Proprio per questo possiamo affermare che la negata appartenenza è l’effetto e non l’origine della rabbia. La rabbia emerge quando hai preso coscienza dell’errore di valutazione, perché non hai seguito la PRIMA IMPRESSIONE che ti era arrivata dal tuo intuito, ma hai preferito farti “interpretare” quel segnale dalla tua mente.

Ogni ribelle è un intuitivo puro, ma non lo sa e ascrive alla ragione il merito di ciò che comprende; e pensa altresì che tutti abbiano ricevuto quella medesima informazione. Si arrabbiano quando vedono che nessuno si muove; ma non comprendono che solo chi ha ricevuto il dono dell’intuizione ha il diritto e il dovere di agire!

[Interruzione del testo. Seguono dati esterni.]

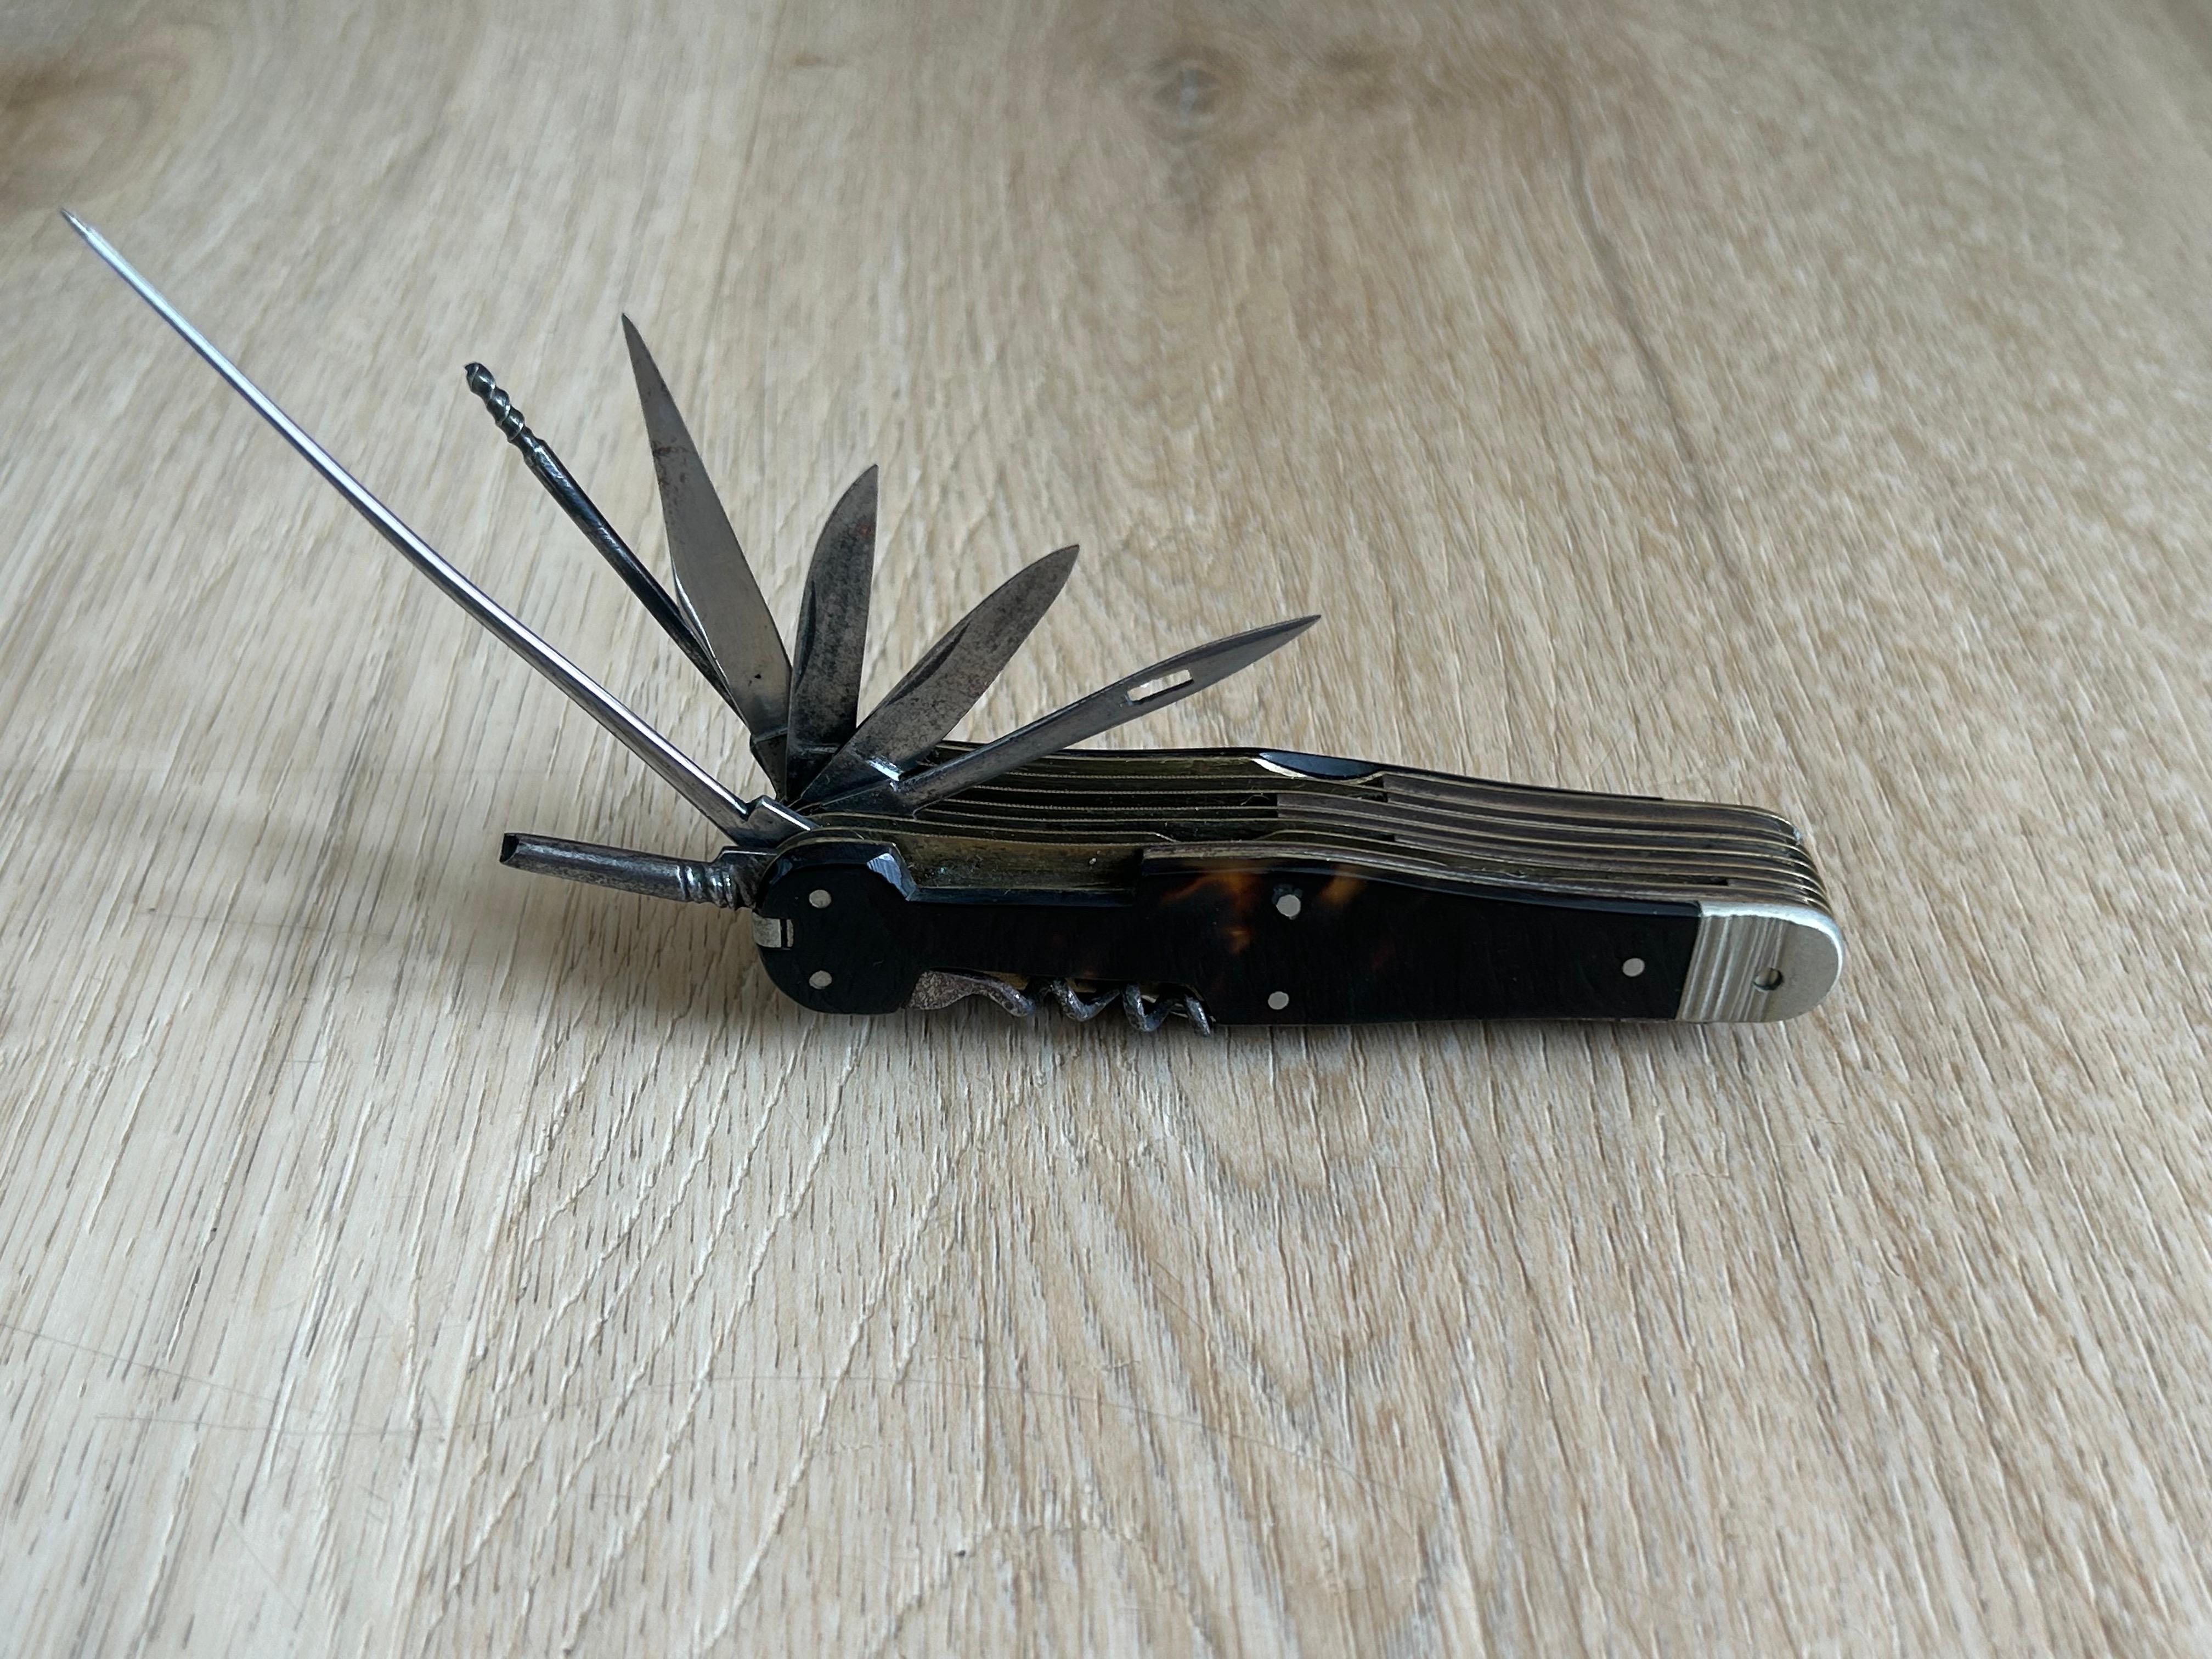 A rare early tortoiseshell 'Swiss Army' Pen Knife, c. 1900, containing a multitude of blades and other useful implements, 9 cm long. The Swiss Army knife (German: Schweizer Offiziersmesser) is a pocket knife or multi-tool manufactured by Victorinox

Ogni ribellione vuole abbattere la forma del mondo precedente ritenuta ingiusta, ma poi, proprio perché interrompe il legame ed il flusso comunicativo inconscio con chi ci ha preceduto, rischia di costruire una nuova regola morale, forse molto più pericolosa e lesiva delle libertà del singolo.

La Morale è il surrogato di colui al quale è stato in qualche modo negato il riconoscimento.

Ecco le motivazioni della rabbia che sono emerse nella nostra analisi:

  1. la rabbia è innanzitutto per il non riconoscimento del proprio valore
  2. per il mancato riconoscimento da parte del genitore di sesso opposto
  3. per non essere stata tutelata dai propri genitori in qualche frangente
  4. per la costrizione alla genitorializzazione nei confronti di padre e madre
  5. per il non riconoscimento affettivo paterno o del proprio partner
  6. per la non accettazione delle proprie regole,
  7. per non riuscire ad essere di esempio per i propri figli,
  8. perché la relazione con i propri figli è assolutamente ingestibile
  9. per l’impossibilità di trovare una donna amabile e dolce come la madre

 

Benefici della Cronogenetica per la Rabbia

Il sentimento di rabbia è collegato all’impossibilità di esprimere liberamente ciò che si vuole o si pensa. La persona tende a chiudersi in se stessa fino al momento in cui esplode; ma questa esplosione genera sempre in lei una reazione esagerata rispetto al nonnulla che l’ha innescata.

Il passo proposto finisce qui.